Especially, with along the development of small terminal products and low-end embedded systems, the market share of the products can be broadened by transplanting face analysis applications into them. However, in terms of the products, real-time face analysis is almost impossible, resulting from that their performance of processor and resource of hardware are limited. Therefore, to make up the disadvantages, an efficient system architecture of face detection is indispensable.

In the past, most of the studies of face detection focused on software algorithms [5,6], and it was difficult to turn the study results into actual products as a result of those algorithms' complexity and real-time performance. Now, due to a wide range application of face detection, people begin with paying their attention to system architecture out of pure software algorithm, for example, the hardware architecture of face detection based on ASIC is designed [7], resulting in that face detection performance in speed is superior to the same algorithm version implemented in pure software. Re configurable hardware is taken as an efficient choice to implement face detection system, for example, the architecture composed of multi-FPGA chip is proposed to speed up face detection. Although pure hardware implementation for face detection can obtain an excellent result in speed, some weaknesses are inevitable, such as a long development cycle and a bad flexibility.

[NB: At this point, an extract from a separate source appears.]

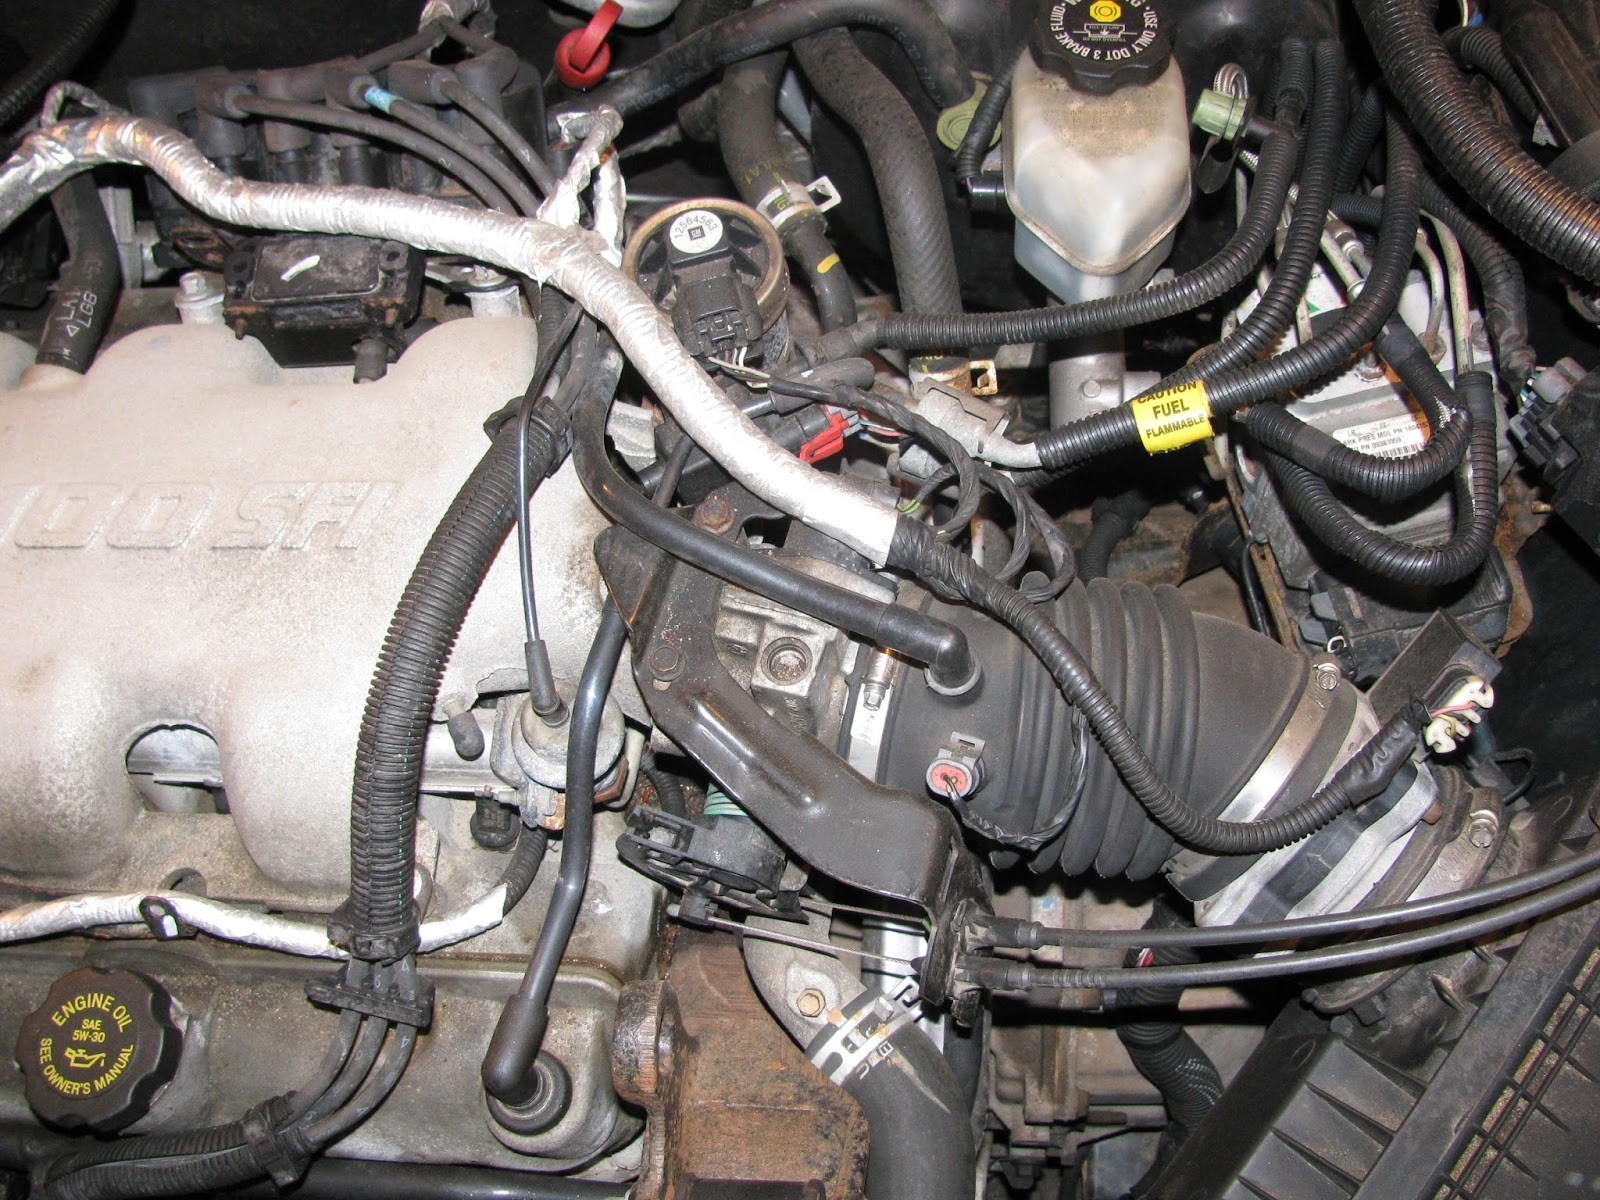 1998 Buick Century Engine Diagram the original Mechanic 3 1l Engine Gm Replacing Intake Manifold

So, hardware-software co-design is an alternative method for the reason that the features from software and hardware can be used sufficiently so as to speed up selectively partial algorithm using hardware. A system architecture combining FPGA soft core with user-defined hardware instruction is designed [9] to speed up the face detection algorithm, Adaboost. Similarly, an acceleration method of face detection combining FPGA soft core with hardware IP core is also proposed [10]. Although all the system architectures mentioned above can speed up the process of face detection to some extent, they are not suitable to small terminal products and low-end embedded systems for the reasons that [7] need consume 7 Watts of power [8], is expensive in cost [9, 10], are in possession of high customization and their communication interface between software and hardware are constrained within FPGA chip, making it difficult to transplant the systems and conduct secondary developments. In light of the reasons, we explore a new system architec-



ture of face detection totally different from the architectures mentioned above, and its design inspiration is from the modular design of robot [11]. In the modular design of robot, the robot system consists of independent function modules, which are reconfigurable and can exchange information by using standard interfaces. Therefore, we divide our face detection system into the two modules, face detection coprocessor module based on FPGA (the first module) and target system module based on general purpose CPU (the second module), and then use USB bus as the communication bridge between the two modules. This makes the first module based FPGA become a coprocessor of face detection with the USB characteristic, Plug and Play, so as to assist the second module with USB bus interface based on general purpose CPU in implementing real-time face detection. Figure 1. shows our proposed modular system architecture.

On the other hand, in accordance with the fact that FPGA has much greater performance than general purpose CPU in the data procession stream-oriented and the integer and fixed-point applications while general purpose CPU is better at performing complicated floating-point computation, long inner loops and irregular, indirect addressing than FPGA is [12], our proposed architecture adopts a face detection method, which is hierarchical, from coarse to fine, from part to whole. The face detection method consists of two layers. they are the first layer of algorithm based on skin color and eyes' graylevel variation, which is realized on FPGA, and the second layer of algorithm combining principle component analysis (PCA) with support vector machine (SVM), which is implemented on general purpose CPU, respectively. This makes it possible for the first layer of algorithm that after a frame entire image is sampled, the location of face is obtained, and then the second layer of face detection algorithm can acquire the location of face after reading the signals from the first layer so as to directly locate the area of face and further detect face. It is clear that this method can alleviate the computation burden of the second layer of algorithm and is efficient for some target system needed to realize real-time face detection, especially for small terminal products and low-end embedded systems.

The next section will be organized as follows: Sect. 2 will describe face detection algorithms and corresponding backgrounds related with this paper. Our proposed architecture and corresponding algorithm units are specified in detail in Sect. 3. Testing results are shown in Sect. 4 and conclusions are provided in Sect. 5.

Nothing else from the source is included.